Language of Intuitive Cooking

The Language of Intuitive Cooking

Overview

This material is the opening class topic and is used throughout the entire curriculum. You will be integrating five critical theories of cooking. Your kitchen setup will match the terminology of the language and prepare you to use a regime of organization and order to be efficient with time and costs as you utilize the Natural Cook® system.

Origins

When Alfalfa’s Market in Boulder, Colorado asked me to open a cooking school for them in 1983, I hadn’t used a recipe in over a decade. This was a serious grocery store for the time, a leader in the evolving natural food industry.  I asked myself, “What could I bring that had vision and value for a burgeoning culture that was asking for healthy, whole foods both at home and in commercial settings?” 

My thought process to solve this problem went like this: 

1. Teaching from recipes would be boring to me and insulting to the intelligence of a cooking school. 

2. If I don’t teach from recipes, what’s left? There were only two pathways that I could see. 

A) Use recipes and then teach how to change them, or

B) become a mentor the way I studied, the way Julia Childs studied.

A mentorship is ideal for students, but not commercially viable for a grocery store.   Personal computers were just a blink in the marketplace, but I could feel life speeding up, people ready to demand that information be downloaded quickly.  The idea of an apprenticeship or mentorship was impractical and outdated.

3.  I would just have to use my understanding of “the creative process” that I was given at birth—and hope for the best. Okay, this was to be the path; exciting enough to get me out of bed at 4 a.m,, and to keep me awake until I slept at midnight. As far as I knew, teaching cooking without recipes had not been packaged.  I would choreograph the essence of cooking, the way I choreographed dances.  So, I asked myself,  “What needs to be communicated?”

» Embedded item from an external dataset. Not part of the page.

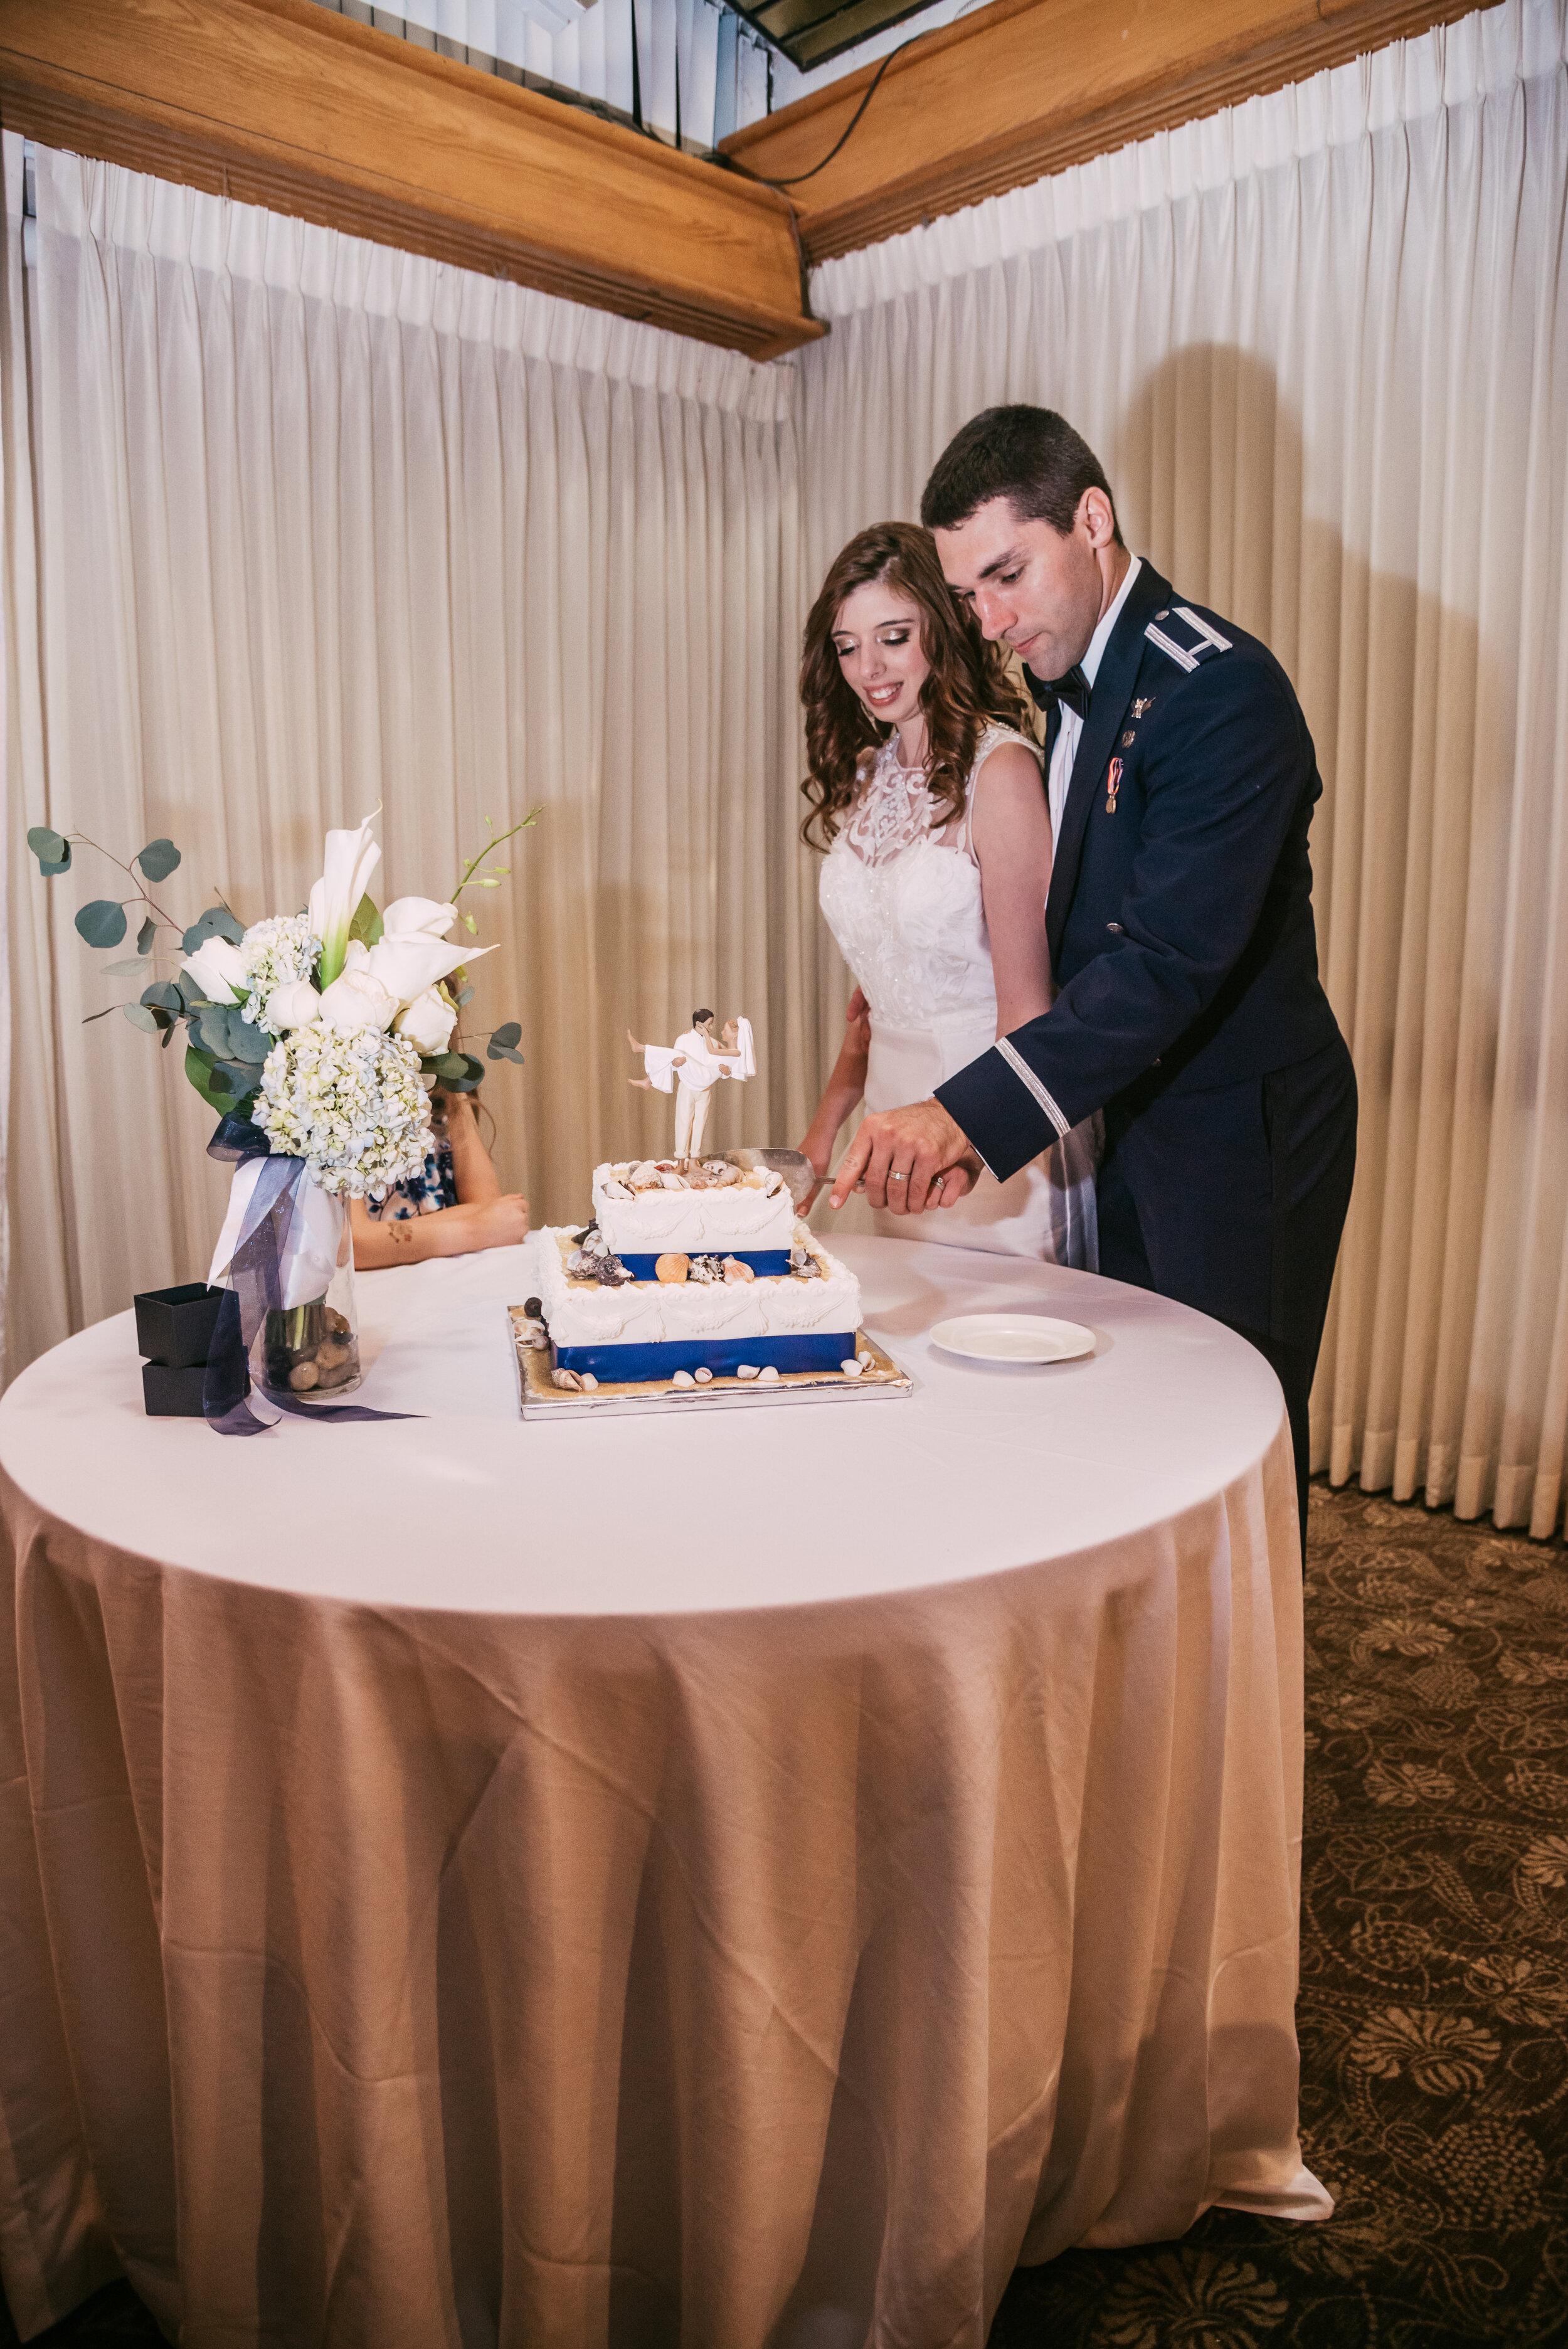 andru-the-tide-club-air-force-wedding-patrickafb-1-147.jpg

Once I had made the commitment to create a cooking school for this beautiful store, things unfolded easily. Students were eager. I loved sharing what I had been studying in my personal life for ten years.  The only problem was that the effort it took to explain all the possibilities of infinite potential for creating delicious dishes was exhausting for me, and overwhelming for students!

4.  This material needed form. It needed a logical structure as a container to hold the process of what happens inside of a natural cook—that is, someone who doesn’t use a recipe and who doesn’t need to be told what to use or how to put the dish together.  I needed to access the former dancer inside me to observe what my body was going through when I cooked. I observed and thought deeply discovering the defining results from each step I put the food through. Where was I free to make choices, and what was the common denominator that held the structure?

At 3:00 a.m. on May 12, 1987, the direction of my life “did a 180.” It was a thought, a message, an idea accompanied by the feeling of being “hit on the head” to wake me up. I was preparing to be a student at an acupuncture school in New Mexico, and hopeful to study a career path that I felt would make a difference in people’s lives.  


But whatever inspired idea came into me early that morning, the following two-year journey became the book Amazing Grains: Creating Vegetarian Main Dishes with Whole Grains (published H.J.Kramer Inc., 1989).  This was my attempt to put down on paper the mystery of what goes on inside a cook who doesn’t use a recipe. The publisher insisted on recipes but allowed me to create a style of written chat about “the creative process” and leave the required recipe itself in the sidebar.  It was a beginning.  After one season, the idea of opening Alfalfa’s Market Cooking School had been traded in for a second store and The School of Natural Cookery took over the culinary education program.  Still fascinated by looking for tools to explain what I now felt confident was a worthy subject, I knew I would need to write about beans and vegetables too. Romancing the Bean (published by H.J. Kramer Inc., 1990) attempted to follow the success of the first inspired grain book.  But it wasn’t until 2007, seven years later, that I had observed enough—in my own kitchen, and with my students in their kitchens—that I understood the structure that had been evolving.

 

Instead of a book centered only around vegetables, I wrote Intuitive Cooking from The School of Natural Cookery (Book Publishing Company, 2007) for my students. I was now able to explain a complete structure for understanding all cuisines, all diets. It became a functional language, and one that has been proven to work. 

The Language of Intuitive Cooking is the bones—the framework—of the entire Natural Cook training. As with any language, with practice this efficient, accurate and functional language becomes fluent, as an integral and authentic part of the student. This language requires authenticity, efficiency, accuracy and the option to stay in the mystery.

I am your mentor. The teachers I train are your mentors. Eventually, The Language of Intuitive Cooking becomes your mentor, too.